WHAT YOU WILL DO: Reproduce exactly only the lines from the line that holds "Pannelli rivestimento esterno" to the line that holds "アルフェンス・NS(2号) アルフェンス・NS(2ゴウ) 13551(10セットイリ)【1箱単位】(23-7046-00)", inclusive, in the listing below, and please leave out every picture.

DATA EXCERPTS:
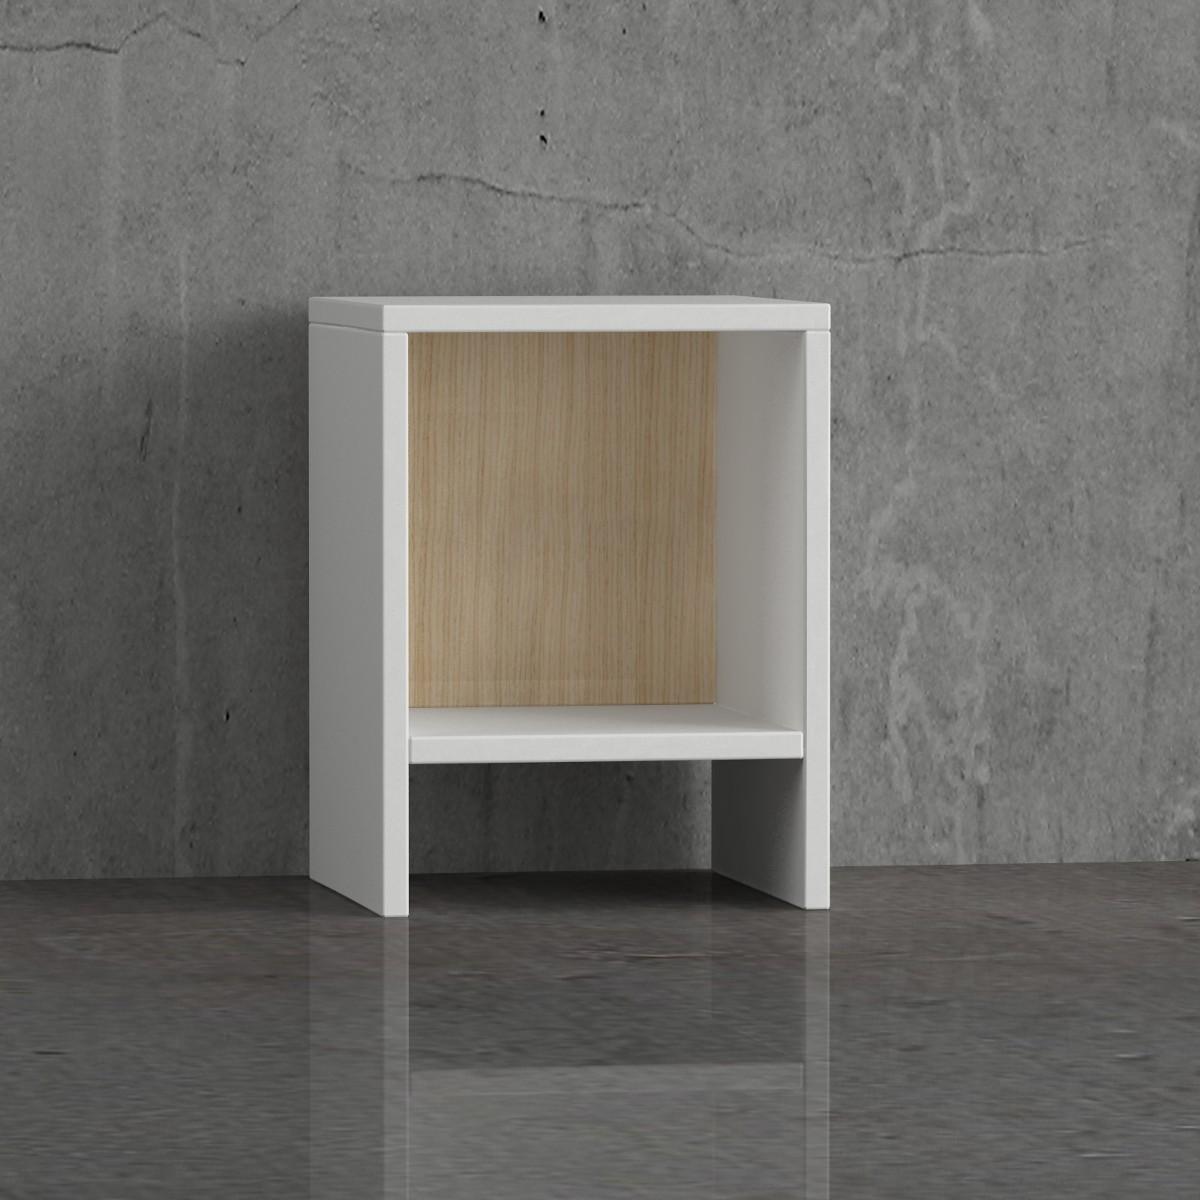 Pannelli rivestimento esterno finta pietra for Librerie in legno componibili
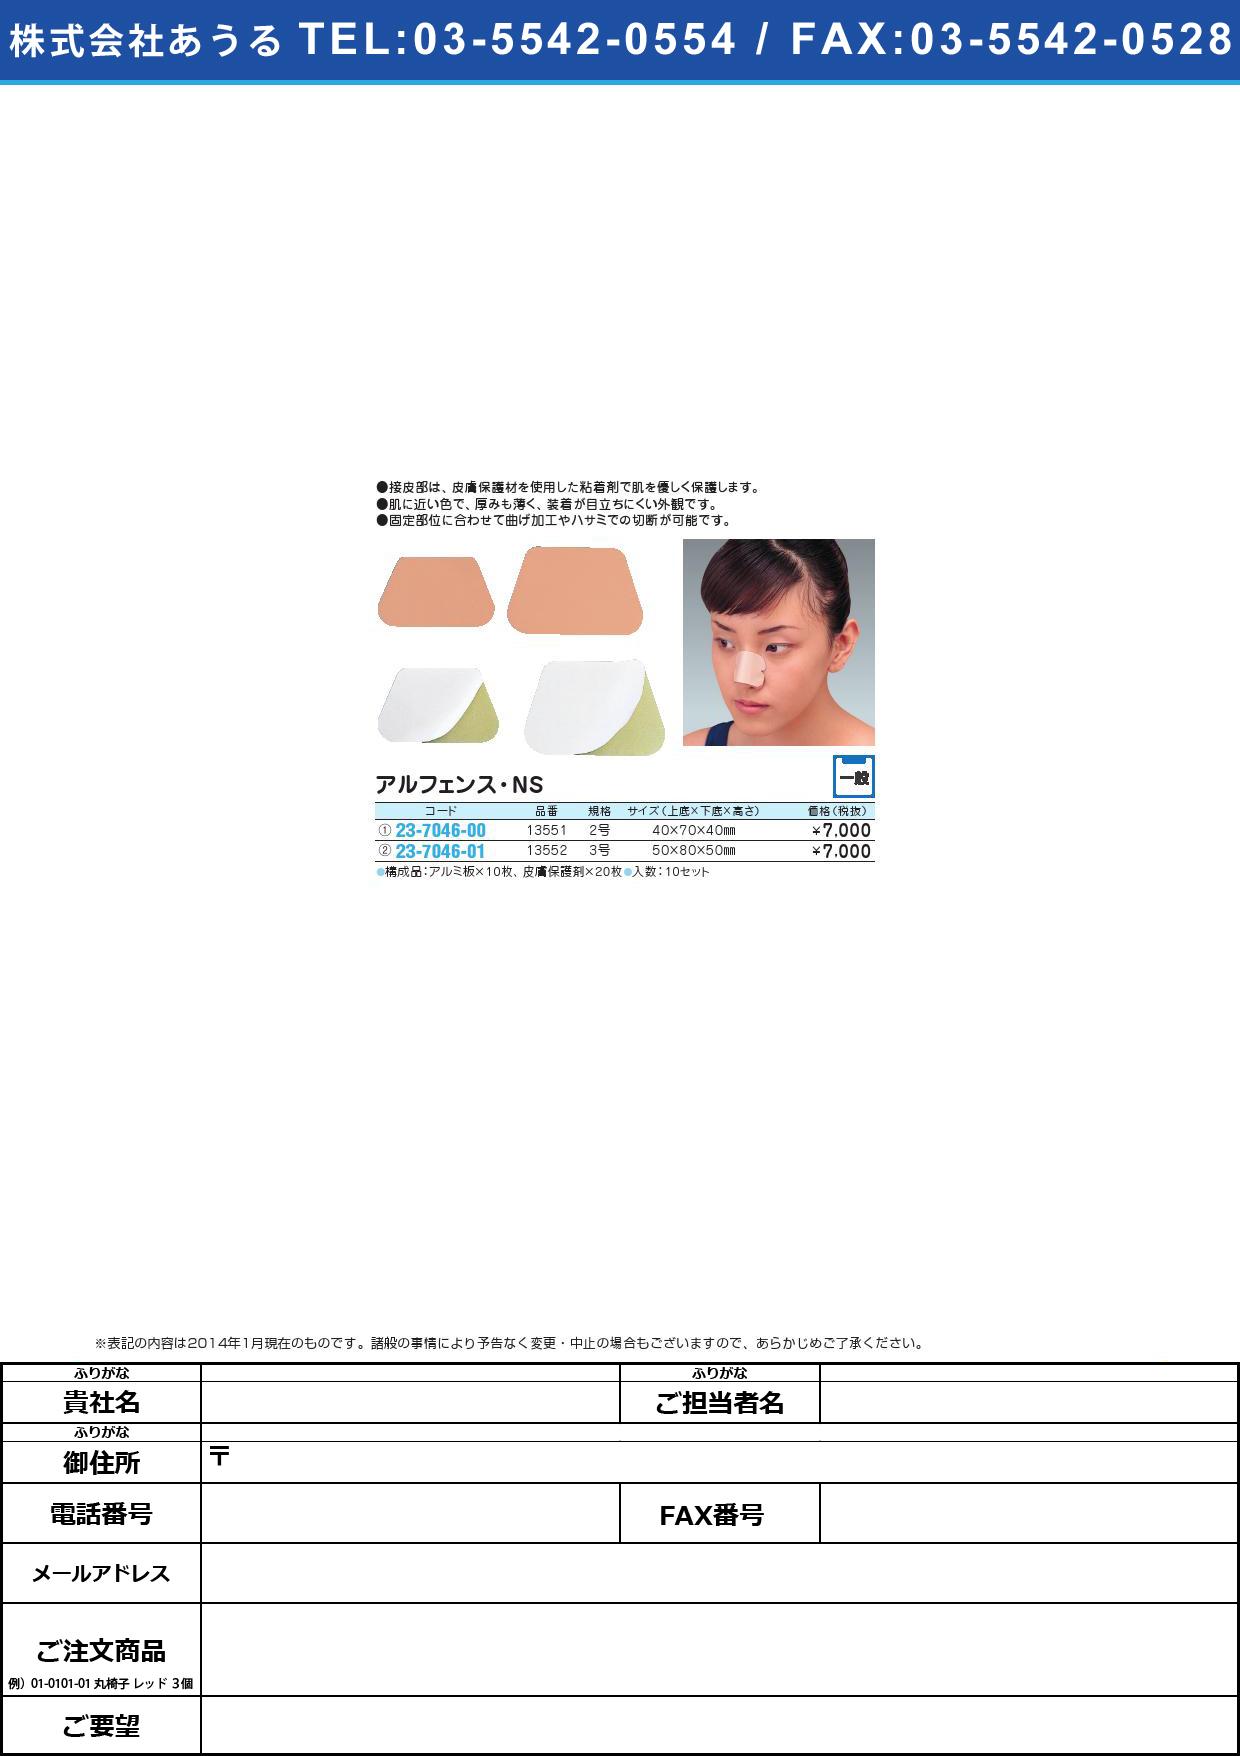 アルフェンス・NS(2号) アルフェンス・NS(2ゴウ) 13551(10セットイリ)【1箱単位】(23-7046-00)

--

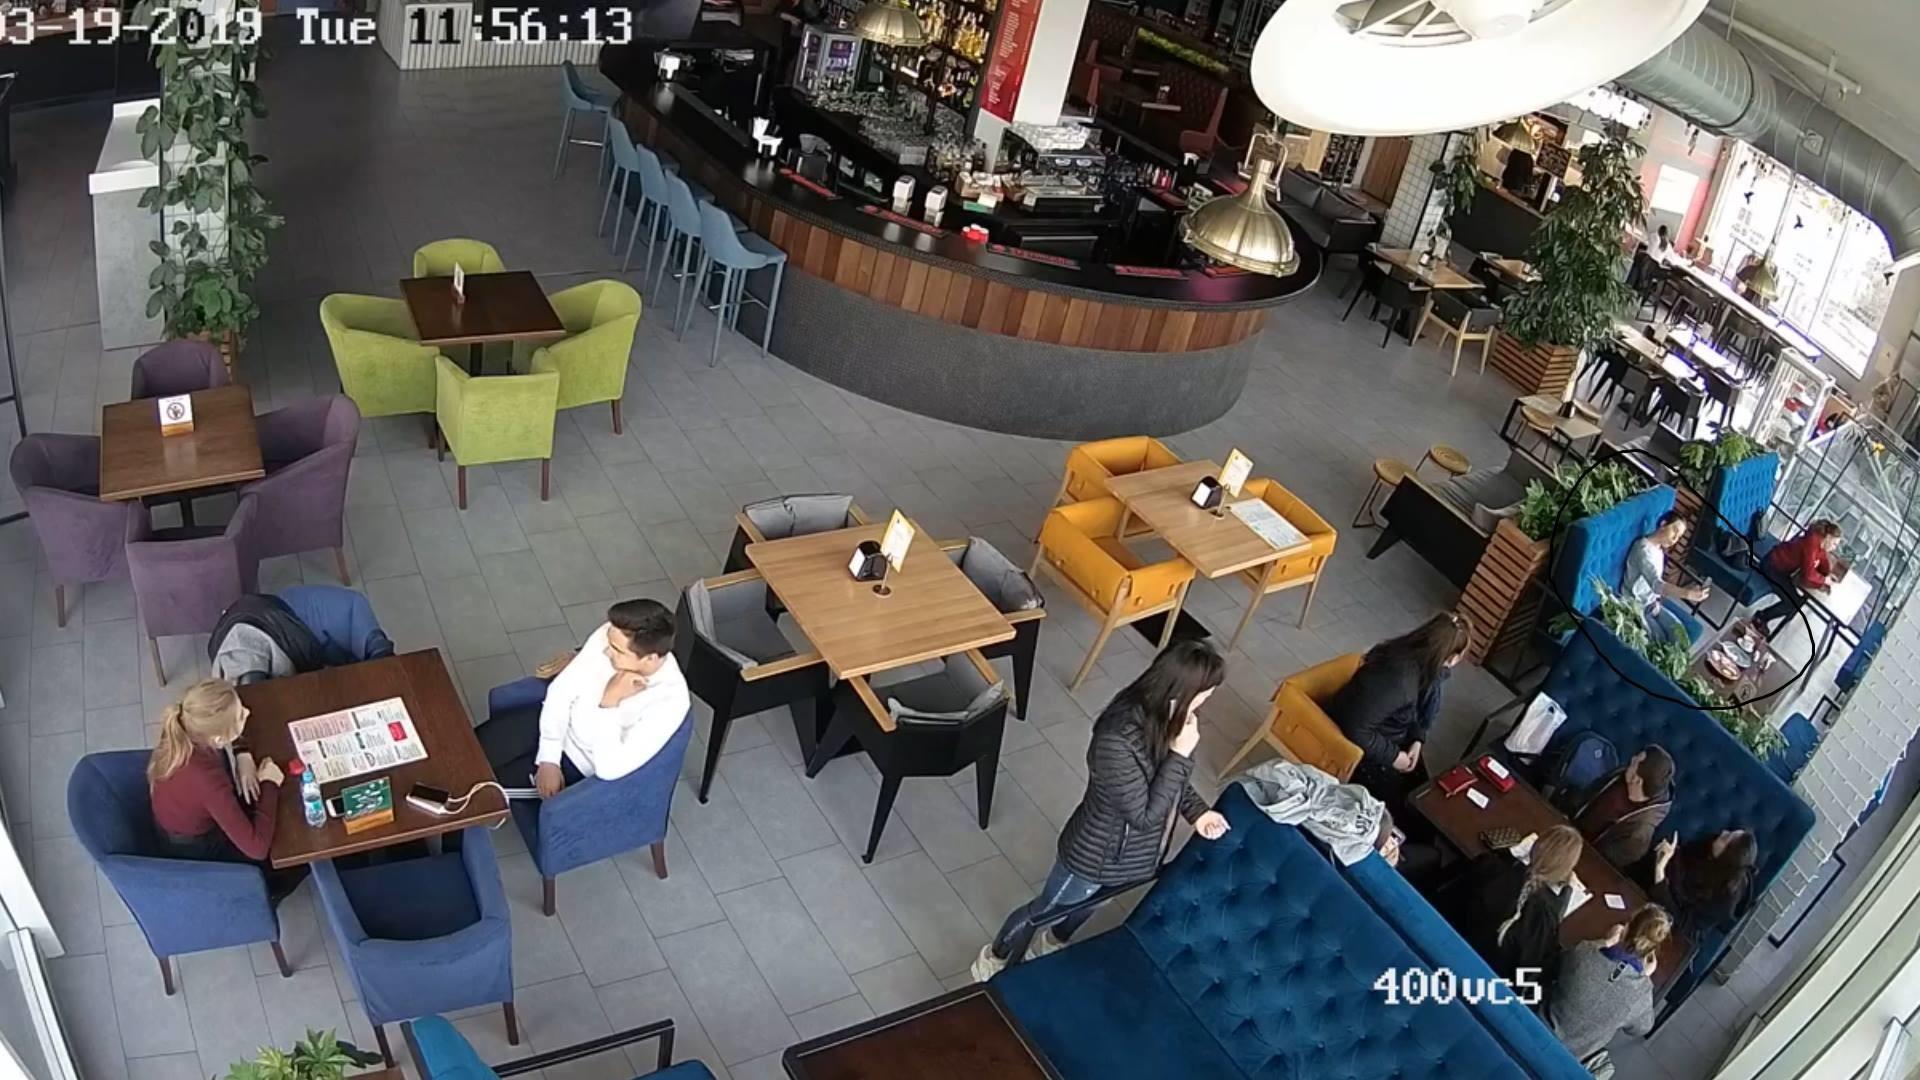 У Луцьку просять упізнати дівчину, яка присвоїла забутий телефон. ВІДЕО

WRITTEN ANSWER:
 Pannelli rivestimento esterno finta pietra for Librerie in legno componibili
 アルフェンス・NS(2号) アルフェンス・NS(2ゴウ) 13551(10セットイリ)【1箱単位】(23-7046-00)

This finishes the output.